A section of the elevated Jakarta-Cikampek II Toll Road, currently under construction. (Antara Photo/Risky Andrianto)
Japan Agency Upgrades Indonesia’s Credit Rating, Praises Jokowi's Structural Reforms
BY :ADINDA NORMALA
FEBRUARY 09, 2018
Jakarta. Japan Credit Rating Agency, or JCR, has upgraded Indonesia’s sovereign debt to "BBB with a stable outlook," a notch above investment grade, from BBB- on Thursday (08/02), citing that the government’s structural reforms have improved the country’s economic growth.
The Tokyo-based rating agency praised President Joko "Jokowi" Widodo's structural reforms since he took office in 2014 to reduce the country's dependency on natural resources to drive its economy.
"The effects of the reform initiatives have emerged in various aspects three years since the inauguration of the administration," a statement released by JCR said.
The agency pointed to the significant improvement in investment climate, thanks to a series of economic policy packages released by the government since 2015.
The policy packages have also lifted Indonesia's ranking to 72nd out of 190 countries in the World Bank’s ease of doing business list.
JCR said the fast infrastructure development — 60 percent of Jokowi's projects are already under construction — has helped to boost Indonesia’s economy.
Under Jokowi’s administration, Southeast Asia’s largest economy has embarked on an ambitious plan to improve infrastructures across the archipelago.
It has 245 national strategic projects under way with an estimated total investment of $327.2 billion, or around 30 percent of the country's nominal gross domestic product.
"The government intends to actively mobilize funds, including external sources for infrastructure, while continuing to contain overall external borrowing," the report said.
"JCR will closely monitor whether fund procurement from the private sector for infrastructure will proceed as planned going forward," JCR said.
The rating agency will also monitor the country's tax revenues.
As the JCR report noted, Indonesia’s current account deficit has been narrowing in recent years — expected to stay around 2 percent of gross domestic product according to the International Monetary Fund — due to improving exports, reducing the country's dependency on offshore financing.
Indonesia’s central bank, Bank Indonesia, has been tightening rules on borrowing from foreign sources since 2014, an effort which managed to shrink foreign debt made by the private sector by 5.6 percent annually to $158.7 million at the end of 2016 and kept it almost flat last year.
Bank Indonesia governor Agus Martowardojo welcomed JCR's outlook in a separate statement.
"The upgraded rating reflects the growing confidence of international institutions on Indonesia’s fundamental economic strength and the government’s commitment to improve its economic structure in the future," he said.

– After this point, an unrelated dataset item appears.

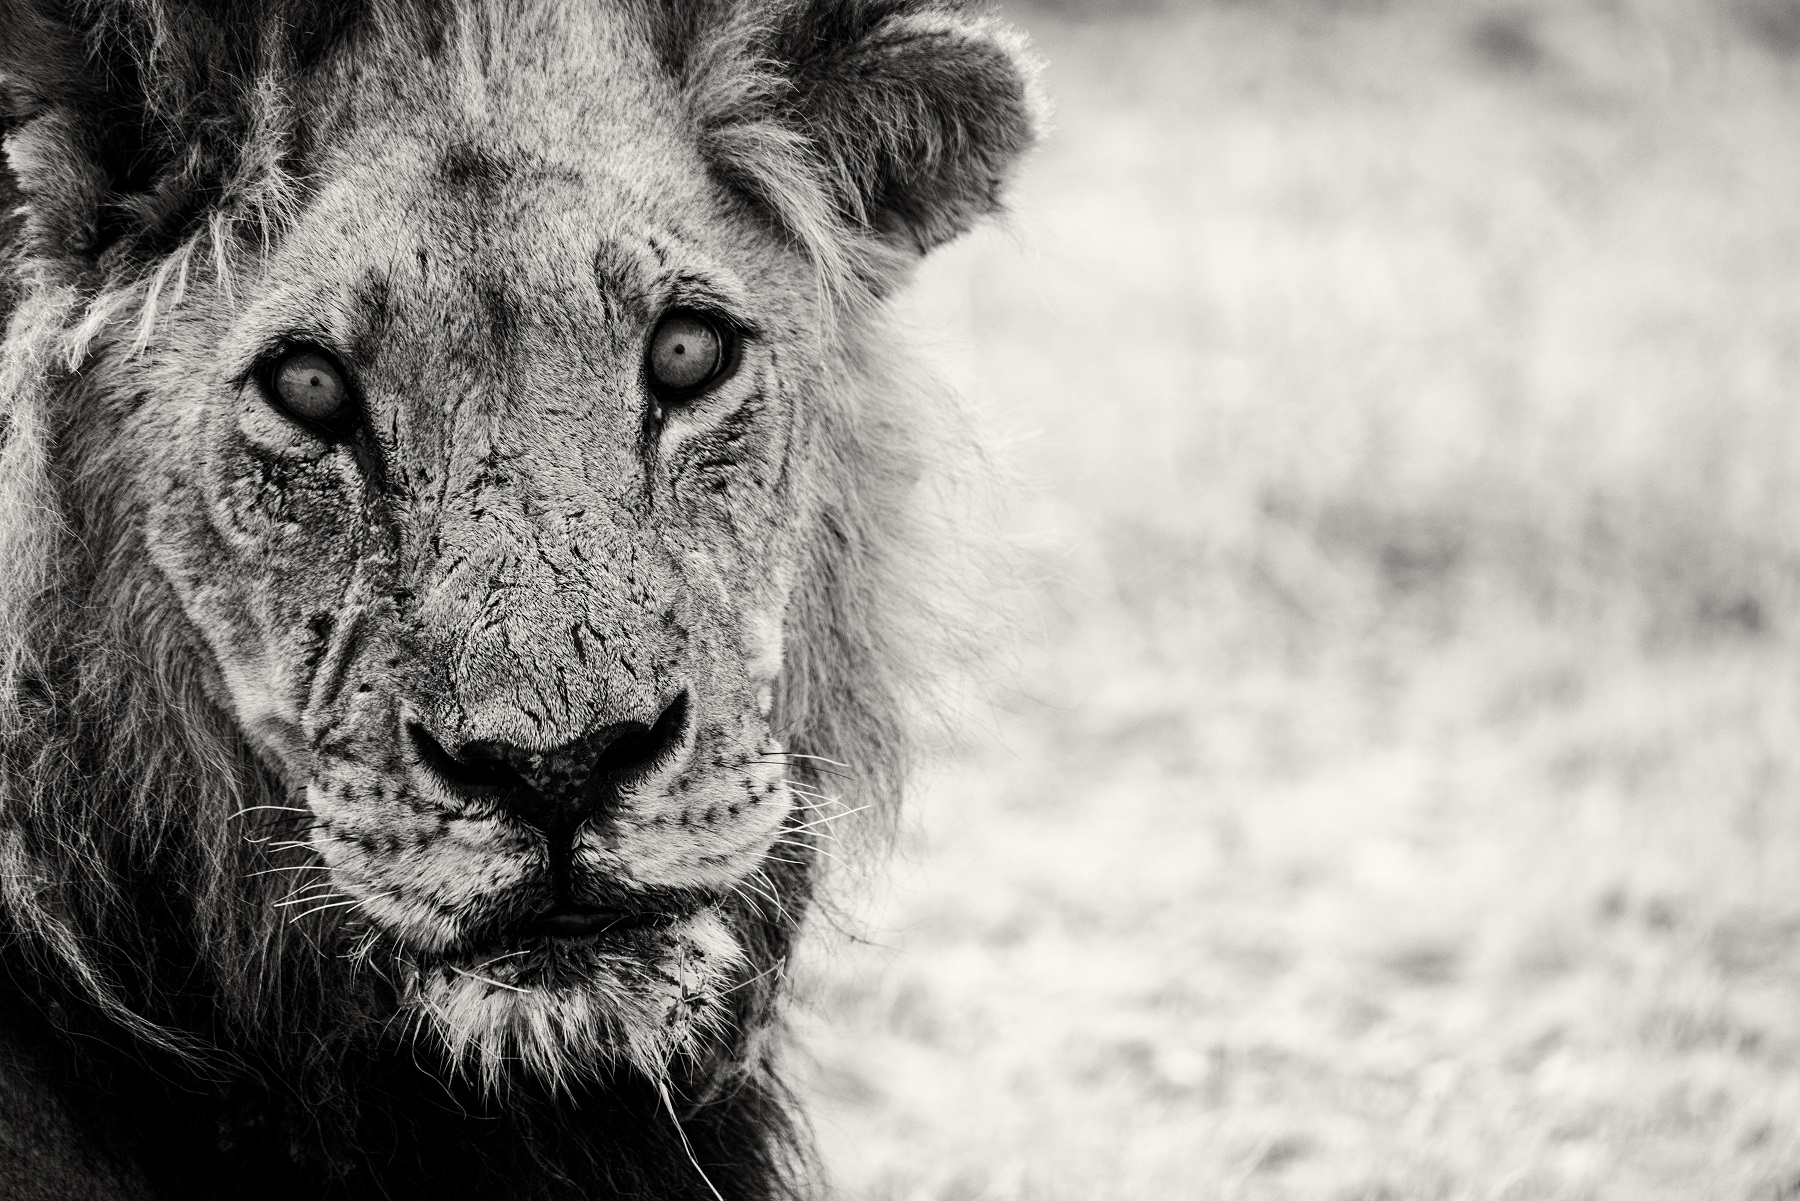 Kathleen Gerber_Lion's Gaze.jpg

Agus said JCR’s outlook demonstrates a synergy between the central bank and the government to maintain macroeconomic stability and financial system to provide a conducive atmosphere for sustainable economic growth.
The central bank will continue to implement a consistent policy mix and maintain its coordination with the government, Agus also said.
Indonesia has secured investment grade ratings from the world’s "Big Three" credit rating agencies — Fitch Ratings, Standard & Poor’s and Moody’s — for the first time since 1997 after Standard & Poor’s granted a long-awaited investment grade status to Indonesia in May.